So, yes, I do despise Frank Randall. I hate him so much that it pained me to watch him in Season 3. I hated to see Frank and Claire’s mutual loneliness play out on my television screen because I remembered all too well what it felt like to live in that emotional space. I did watch though because sometimes it’s good to be reminded that shadows come from the light. The shadows in Claire’s life came from the light that burned bright for Jamie and the love that waited for her on the other side of the stones, and it was one hell of a thrill ride watching her return to that light.
Where do you stand on Frank? Do you hate him? Do you pity him? Are you on the fence?
Do you think that Blake Larsen should stop wearing that ridiculous Frank t-shirt (wink, wink)?
Nikki joined Outlander Cast as a writer in 2016 when she realized that her friends would no longer tolerate her constant talk of Outlander. Each time you read one of her blog posts, you are working to save those friendships. Both Nikki and her friends thank you. If you would like to read more of Nikki’s mostly nonsensical and occasionally heartwarming writings, you can visit her personal blog at sassynik.com. If you’d like to see pictures of beer and wine in lovely locations you should follow Nikki’s Instagram account. You can find her at @nikkigastineau on both Instagram and Twitter.
Amen, sister. How many woman live with such control in a marriage? It’s quite sad spelled out in black and white. Thanks for your insights.
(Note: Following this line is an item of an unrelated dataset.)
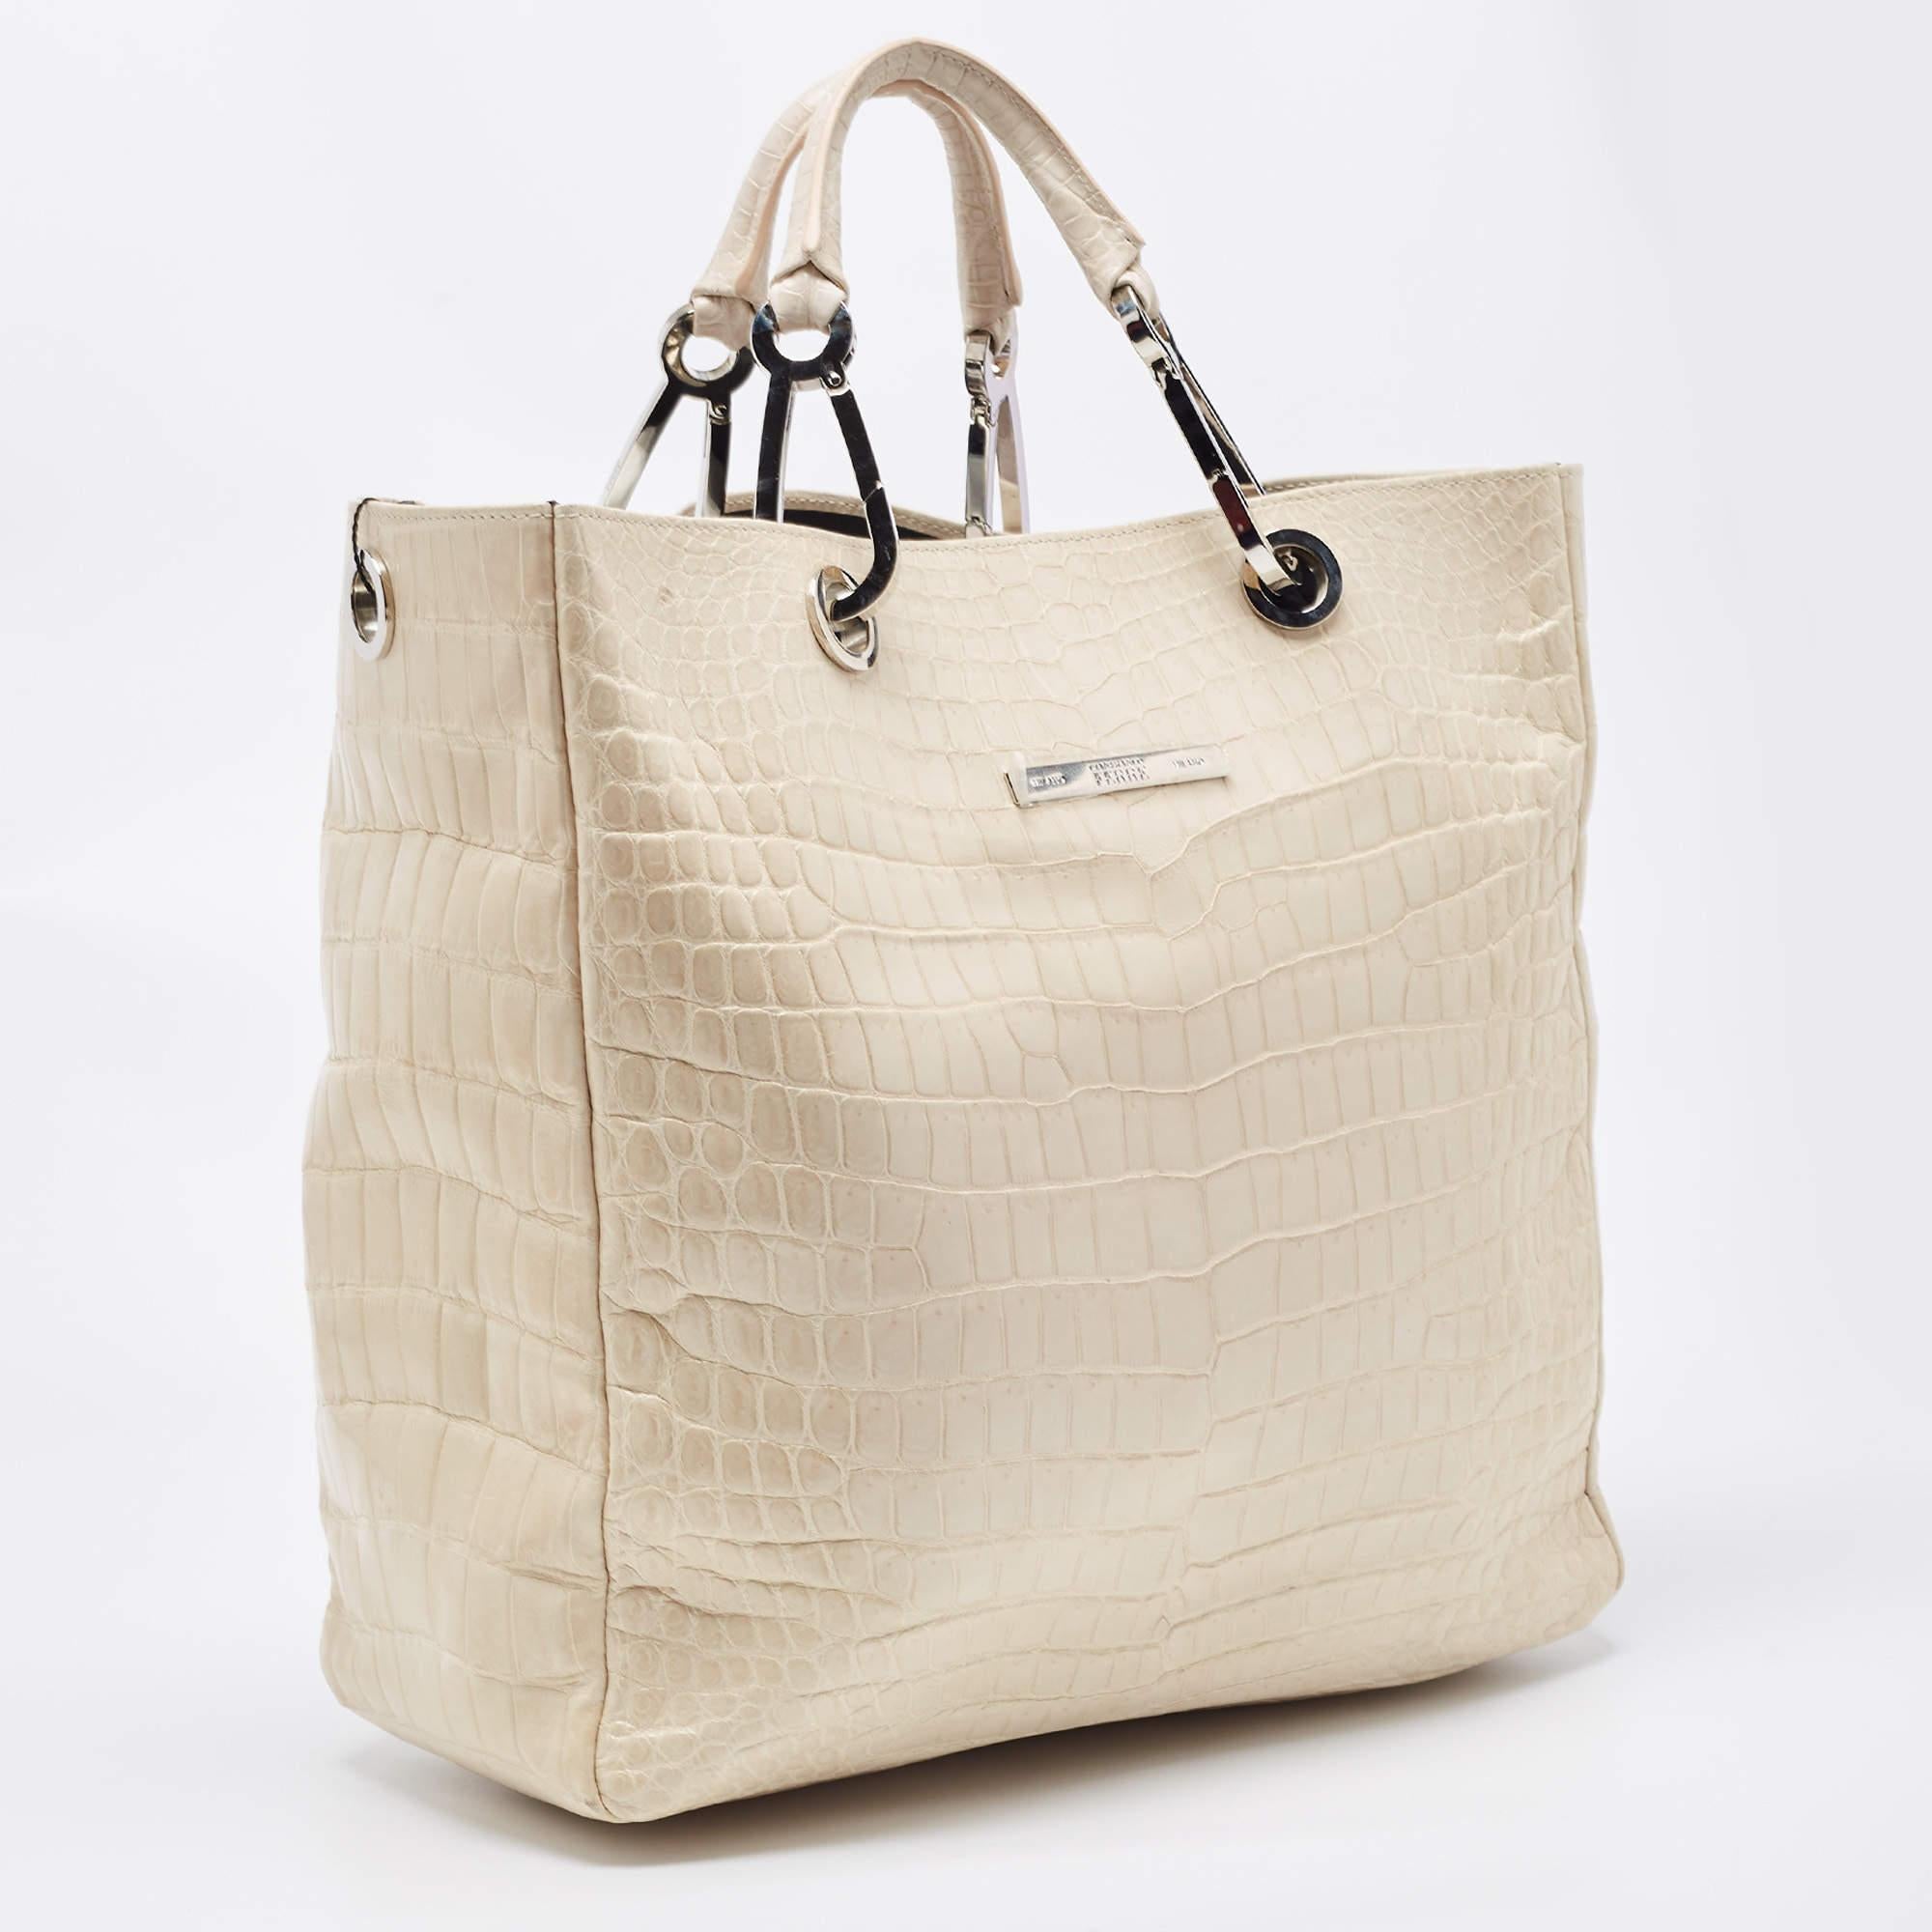 Mit dieser Tasche von Gianfranco Ferre können Sie alles, was Sie brauchen, stilvoll transportieren. Gefertigt aus den besten MATERIALEN, ist dies ein Accessoire, das dauerhaften Stil und Gebrauch verspricht.

I love your POV. I am sorry that you experienced an unhappy marriage and am glad you came out the other side. I agree wholeheartedly with your opinion of Frank. You express my feelings exactly in regards to his controlling nature in his relationship with Claire. With Frank and Claire it is all about him. Jamie and Claire’s relationship has an equality of love and balance. Each gives to each other love and support to be their best selves. Each to thrive and grow. A beautiful thing to see and read.
I do enjoy reading your musings on all things Outlander. Thank you so much for your work.
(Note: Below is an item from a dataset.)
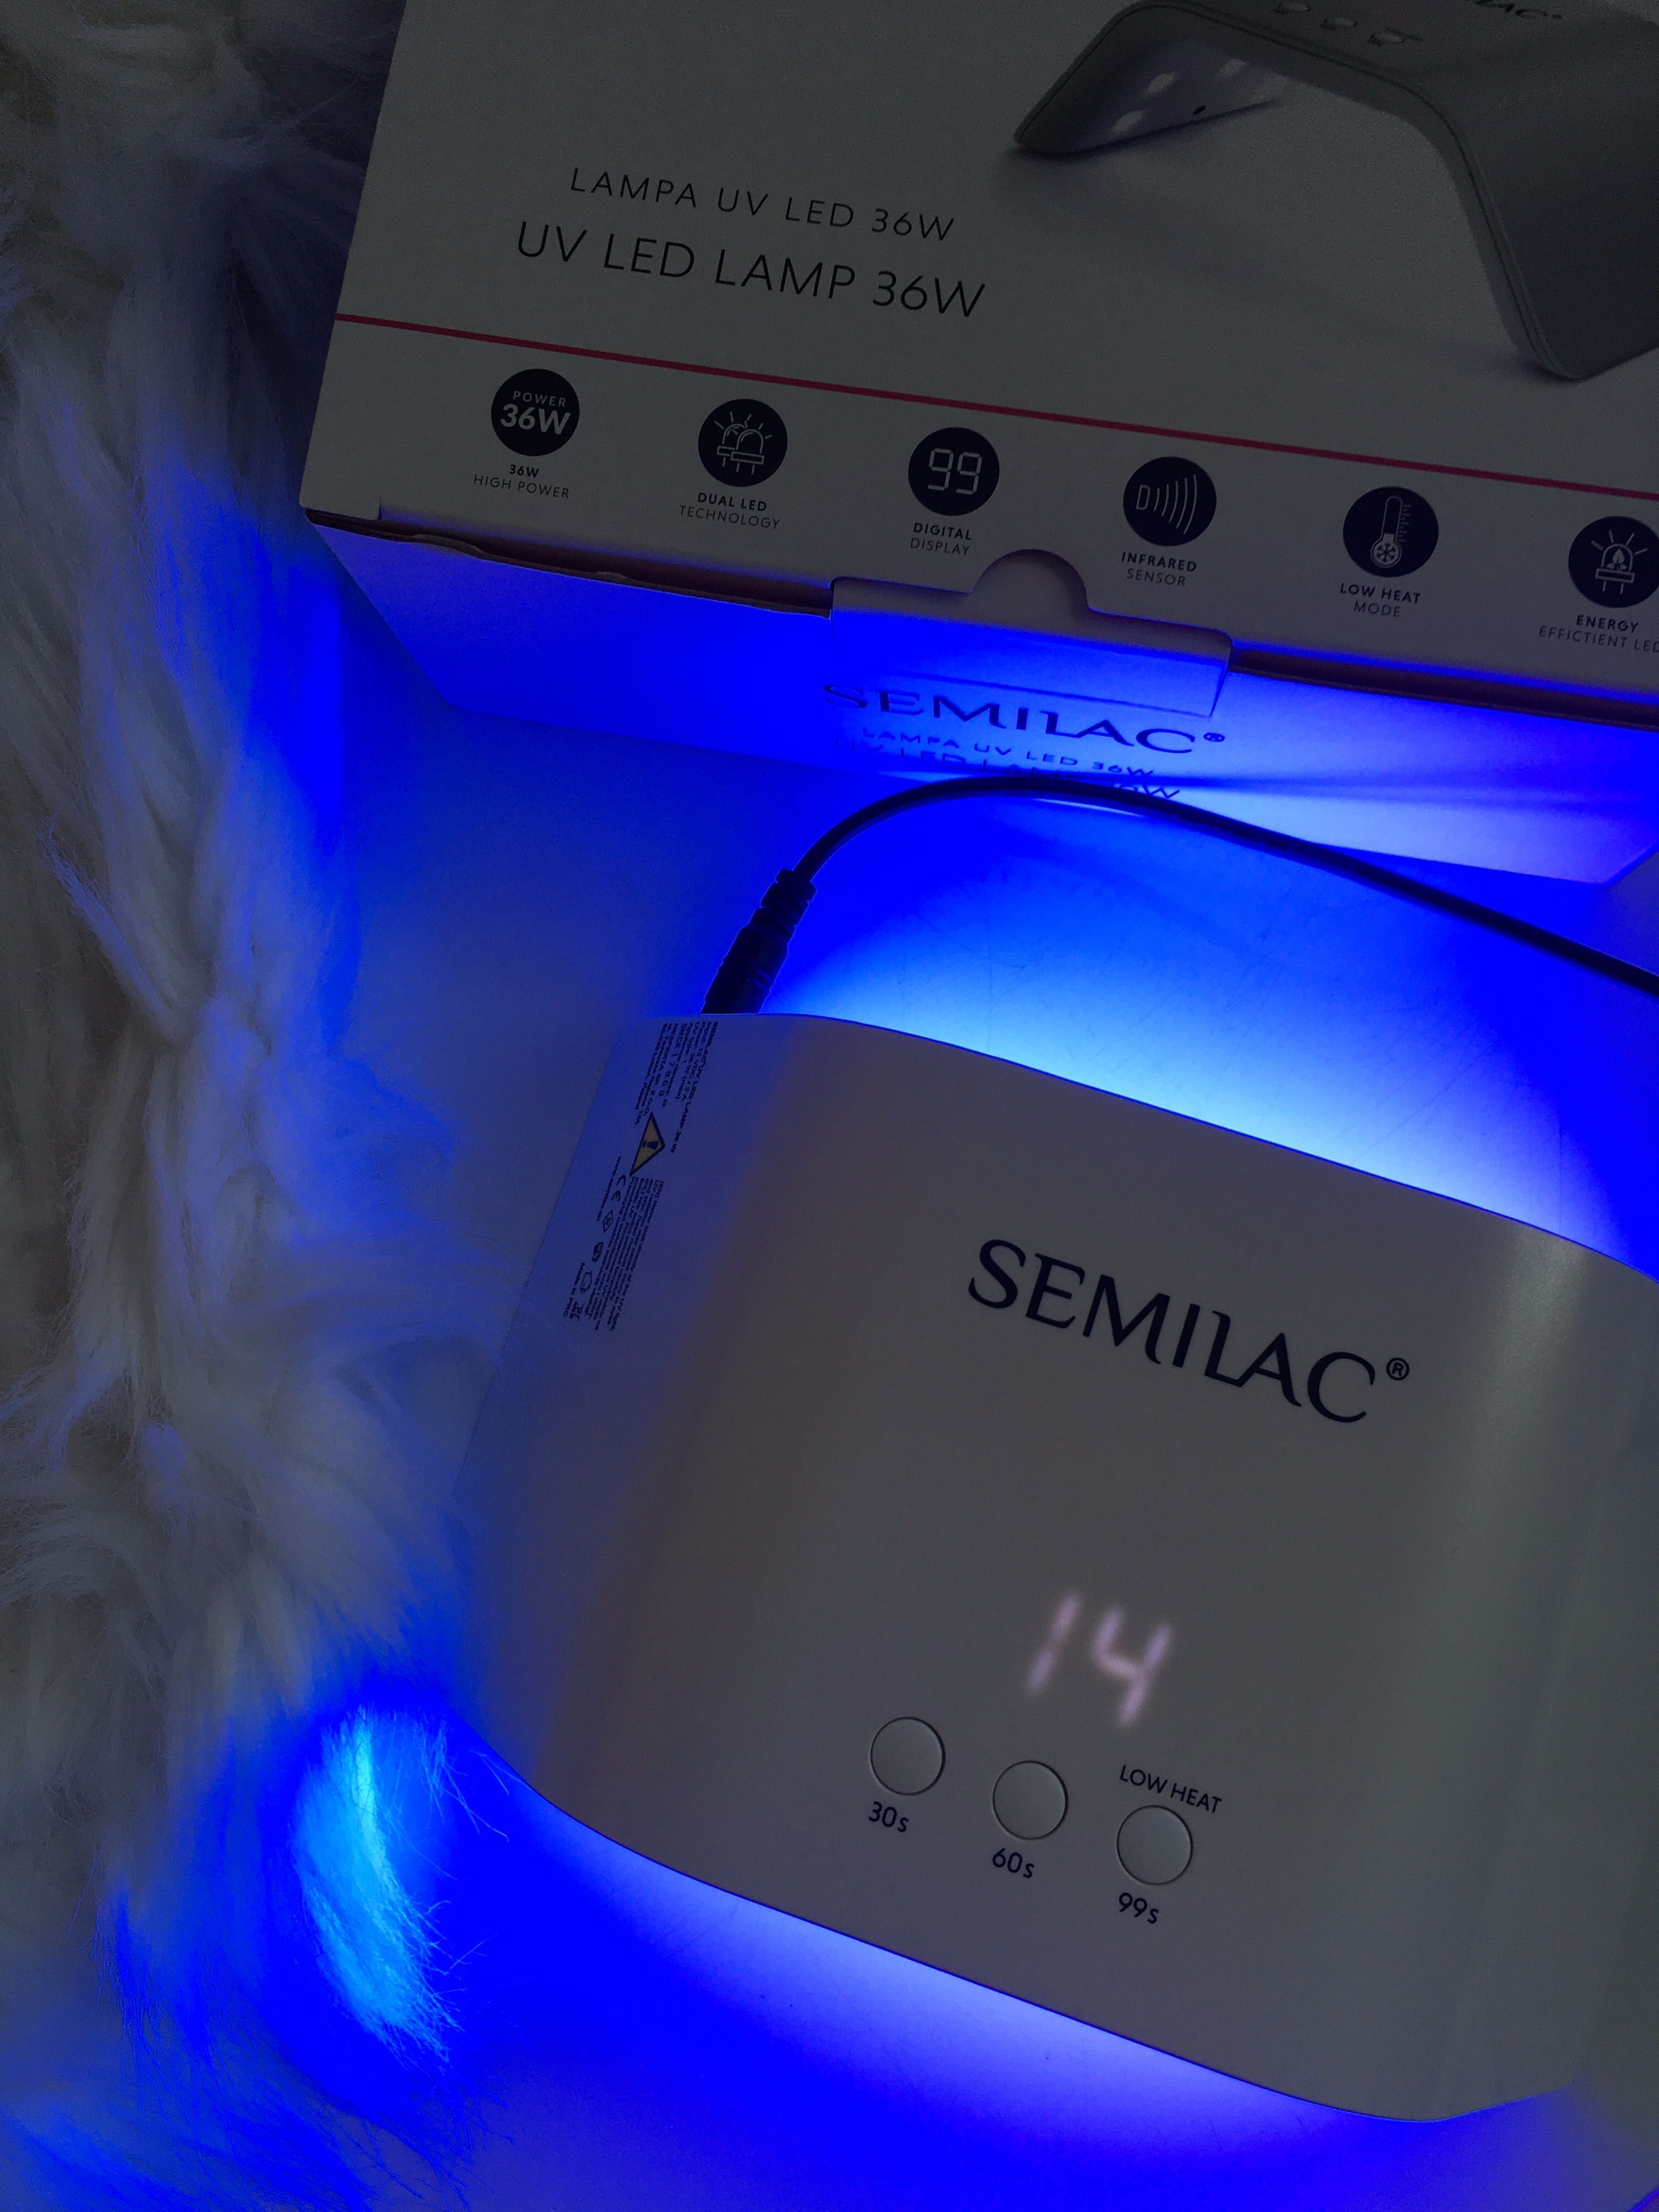 Lampa UV LED Lamp 36W Semilac

Thank Joanne. I am always so happy to see your beautiful comments. “Love and support to be their best selves”…yes…yes…and yes!!!!
Well sister, we have something in common, but I didn’t divorce the Frank. Yeah, complications fouled the marriage and complications, ie family, continue the union. It’s not all bad, but it sure isn’t Claire and Jaime. I love how you write and put all into perspective. I get the “oh yeah, me too,” moments, and the analogies put a smile on my face. Thank you. I can’t wait to read more.
And sometimes, “not bad” is a hell of a lot better than miserable or intolerable.
Thank you for reading and commenting and, maybe, for giggling along with me for a little bit. I appreciate it.
I like the way you think.
I hate Frank because he only values Claire as an extension of himself. And I was married to a man just like that for 7 years.
Frank wanted Claire as “my wife.” Not as in partner but as a possession and a vessel for childbearing. He accepted her when she returned from the past because he had been unsuccessful in replacing her with someone else, and to be honest it was a bit easier because she was already pregnant.
He would have found it difficult to enter academia in a suitable position had he divorced Claire. For any reason really, but particularly if she were pregnant at the time.
So yes. I hate Frank. Still.
Hmm…valuing Claire “as an extension of himself”…I love that and, of course, I absolutely believe that to be true!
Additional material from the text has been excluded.